The trainee, Lindy DeGeare, said Villegas's body was covered with a sheet and lying on a gurney. Another officer who was assigned to watch the body described it as having gunshots to the head, eye, arm and genital area, DeGeare told investigators, according to the reports.

Stringer put on gloves, pulled down the sheet to expose Villegas's head and upper body and looked at the wounds. He touched the bottom of Villegas's uncovered feet and said "tickle, tickle," then pulled on the toes of the right foot and said rigor mortis hadn't set in, DeGeare stated.

He also moved Villegas' head and, finding it difficult, said he believed rigor mortis had set in, then told DeGeare he "loves playing with dead bodies" and laughed, according to the reports.

The other officer in the room said he witnessed Stringer touch Villegas' foot and grasp his jaw, according to the reports.

Police Chief Greg Williamson told the Californian on Friday that Stringer's alleged comments were disturbing and that while it is part of an officer's field training to view bodies, touching them is not allowed.

In February, police submitted a criminal report on Stringer's actions to the Kern County district attorney's office but the case was rejected, District Attorney Lisa Green said Monday.

"That isn't a crime, while it may be disgusting," Green said, referring to his alleged manipulation of the body.

There are laws against desecrating corpses physically and against moving corpses from the place of death without coroner's permission but "he did neither of those," Green said.
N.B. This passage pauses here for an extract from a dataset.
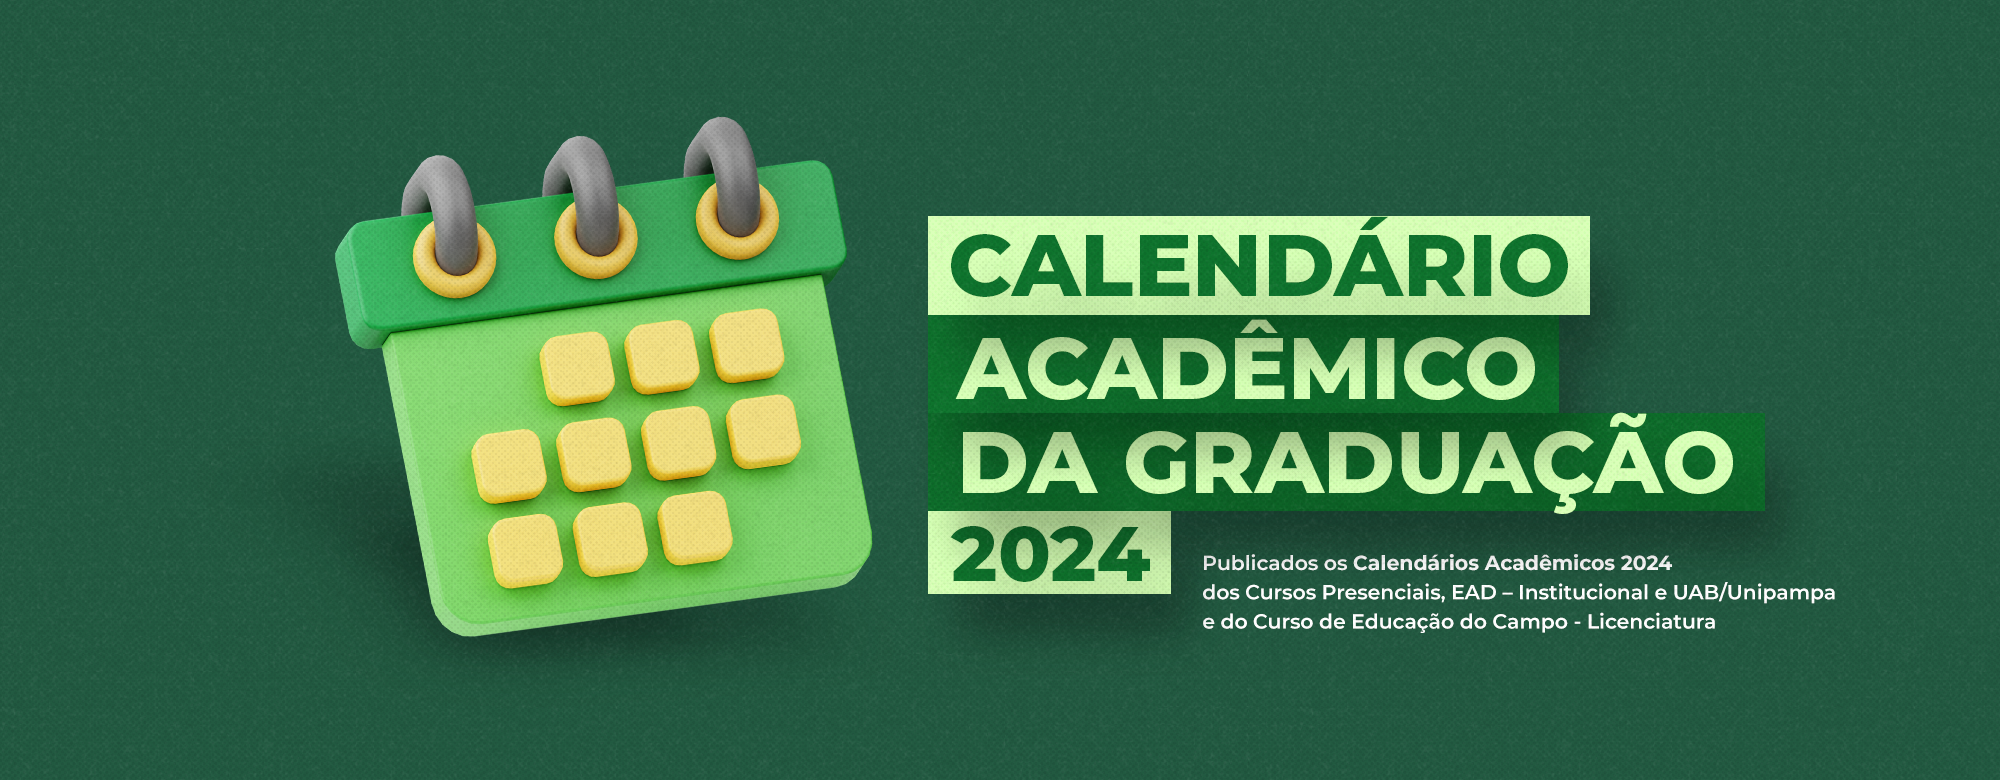 Unipampa aprova calendário acadêmico para 2024

However, Mark Geragos, an attorney for Villegas's mother, said that if Stringer did touch the body before it had been autopsied, that could have consequences for the investigation of the shooting. "Besides it being ghoulish behavior...it's tampering with evidence, obviously," Geragos said.
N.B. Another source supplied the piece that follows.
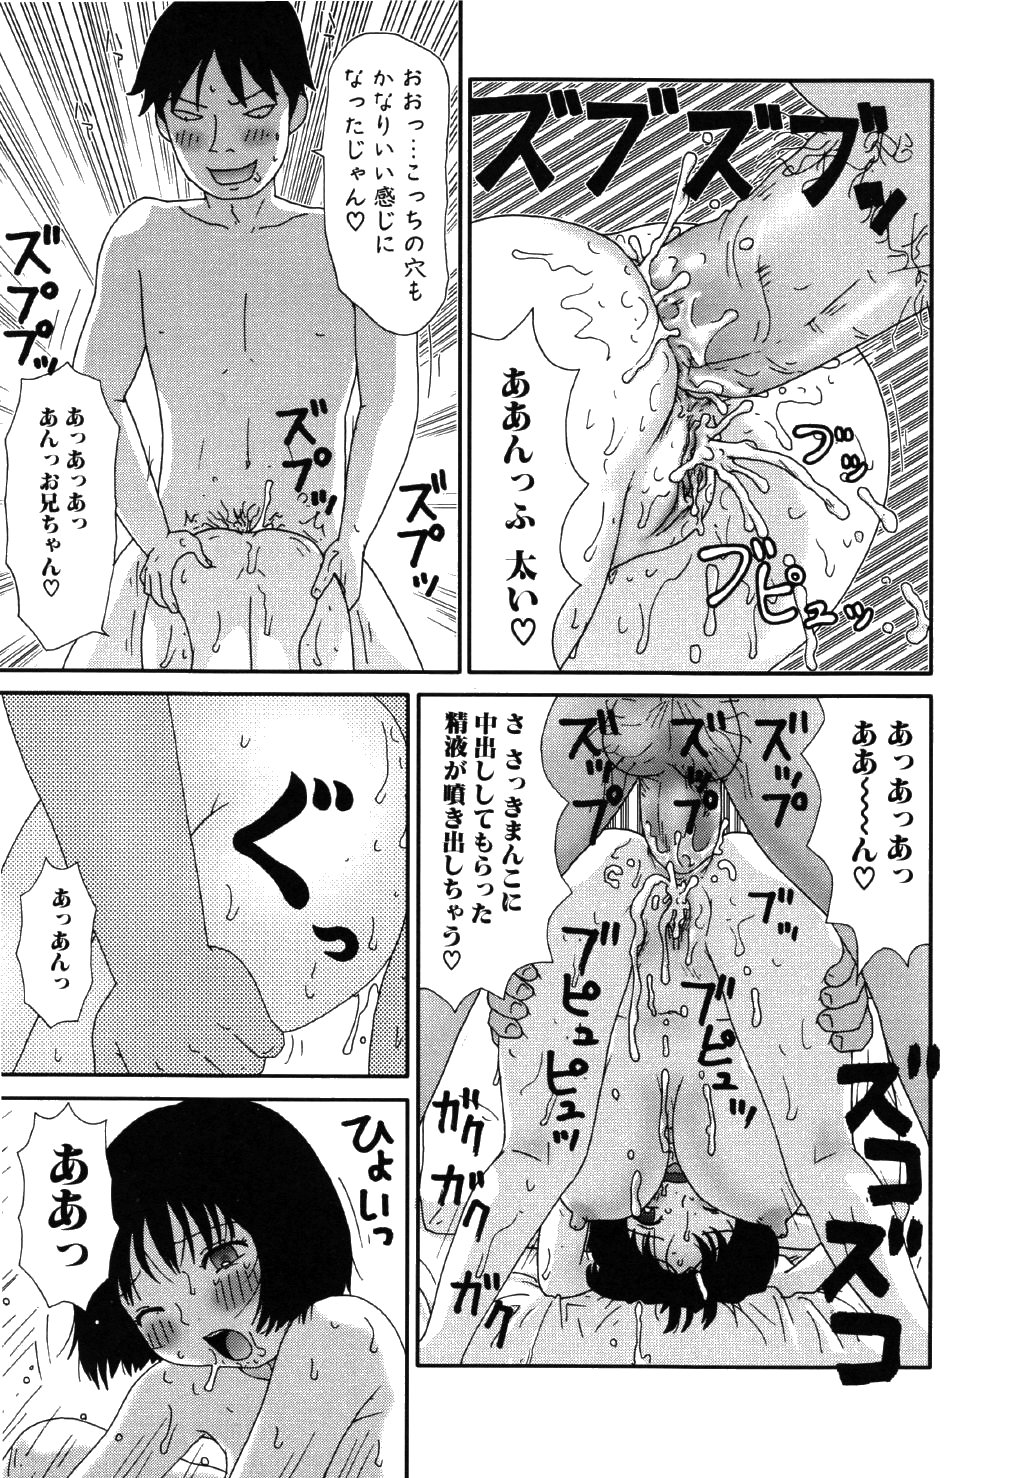 [Machino Henmaru] little yumiko chan page 9 full

Geragos said he intends to sue over the killing and will include the allegations of body manipulation.

The Associated Press was unable to find a working telephone number for Stringer. A message seeking comment from him or his attorney was left with the Bakersfield Police Officers Association but not immediately returned.

A message also was left with H. A. Sala, an attorney who represented Stringer after he was arrested on suspicion of hit-and-run and driving under the influence of a prescription sleeping pill in 2010. He pleaded no contest to a "wet and reckless" charge and was fined and ordered to attend a Department of Motor Vehicles class.

Last year, Stringer shot and killed a man who charged at him with a metal bicycle lock. Stringer also holds a 2009 Medal of Valor for saving his partner during a shootout in which both were wounded.

Both shootings were ruled justified by the department.